Q:  So what is the answer to the question you ask in the title of your essay:  Are you Jewish enough?

A: Oh, you have to read the book for that.

Q:  Do you talk about being Jewish at these JCC engagements?


A:  Only if someone asks me.  I certainly talk about my mother’s attitudes and opinions and what they meant.  I had this hysterical encounter in a midwestern JCC.  I said that my mother had a lot of rules and one of the things she always said was “never buy on sale.” And a woman in the front row – a farbisiner — said very loudly, “Antisemitic.” I was, of course, utterly stunned by that and I had to address it. She thought that my mother was being antisemitic, but I said that my mother had grown up very poor and she had left the sort of ‘ghetto’ of the South Bronx and move to the West Coast where she reinvented herself as a successful screenwriter. Part of that was for sure about assimilation. Absolutely. Her parents were immigrants and my grandmother never really assimilated into American culture in any way. I’m sure this was one of the ways she separated herself from her childhood. It was all a part of leaving behind a feeling of smallness — how exciting that her family could live in the land of ‘why pay less.’ One way that you proved that you were successful was not to buy on sale, something you associated with poverty. So I thought that was interesting – it was very provocative.
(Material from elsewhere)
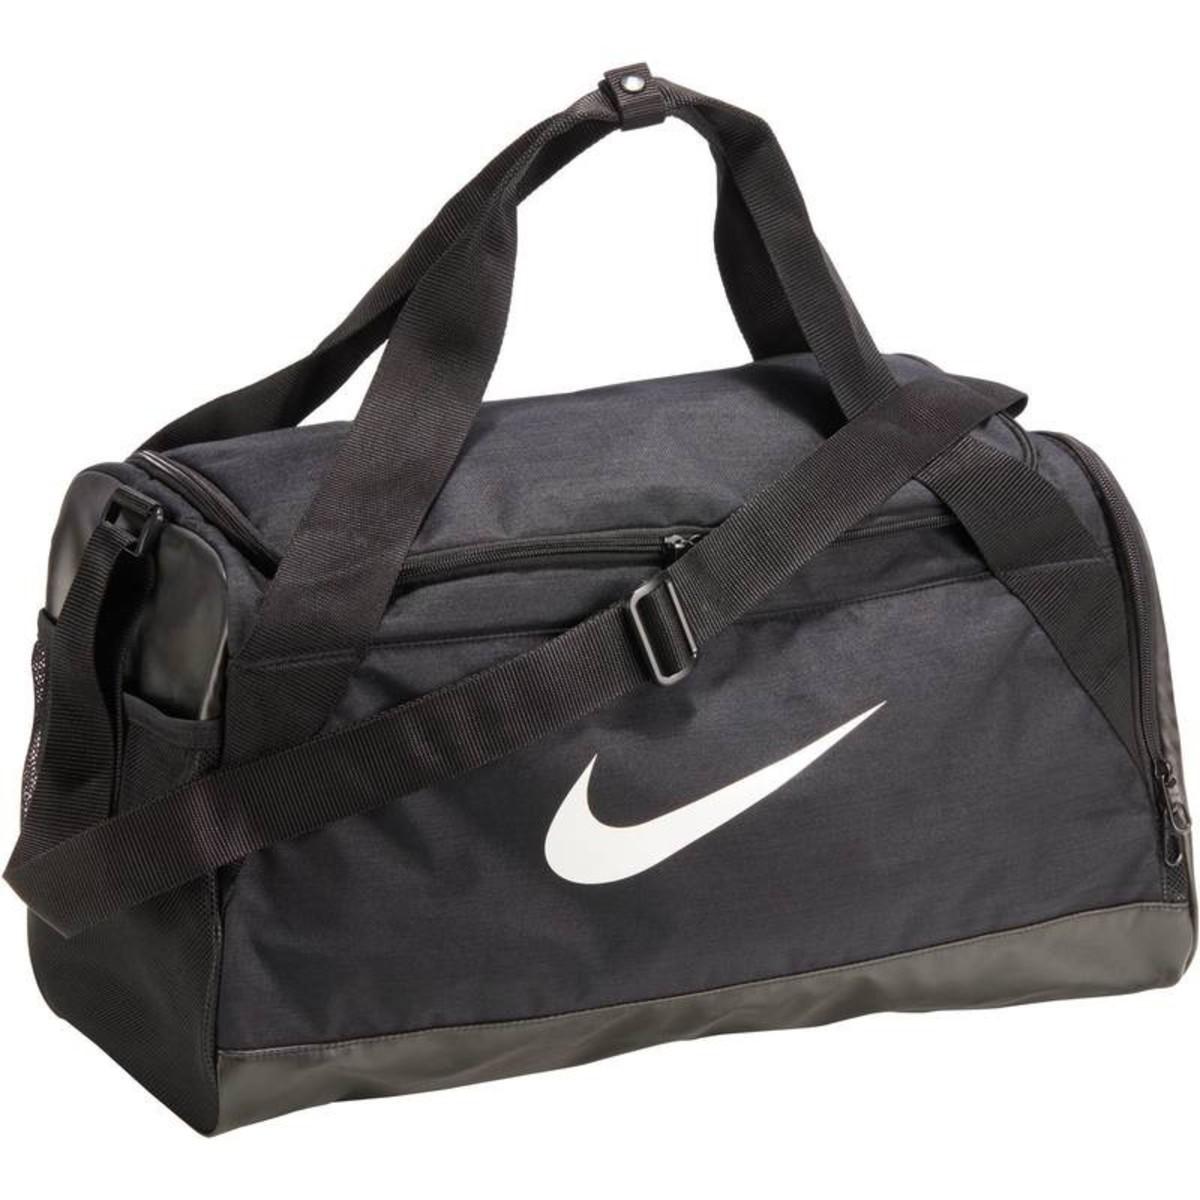 Bild 1 von NIKE Sporttasche Erwachsene Nike schwarz, Größe: Einheitsgröße

I really don’t know if my mother had any antisemitic feelings, but I know [her comment] was about being proud of what she’d accomplished.  I think the fact that she earned her own money and did not have to buy on sale was just an enormous point of pride.  Another thing she also said was that you don’t have to clean your plate.  At that time that was just a shocking thing. Everyone was cleaining their plates like mad then. But she was also very smart about stuff. She knew that cleaning your plate was not a good idea. Better to just eat until your full and stop eating – she was way ahead of her time on that score. She raised very thin children – we never finished our food.

Q: Did your father come from a similar background?

A:  My mother was the Bronx, my father was Brooklyn.  They had a hit Broadway play when they were very young – Three’s a Family – and they were invited to come to California. And so they did. But they also told us that this was no place to spend your life; you must go east to college and stay in New York.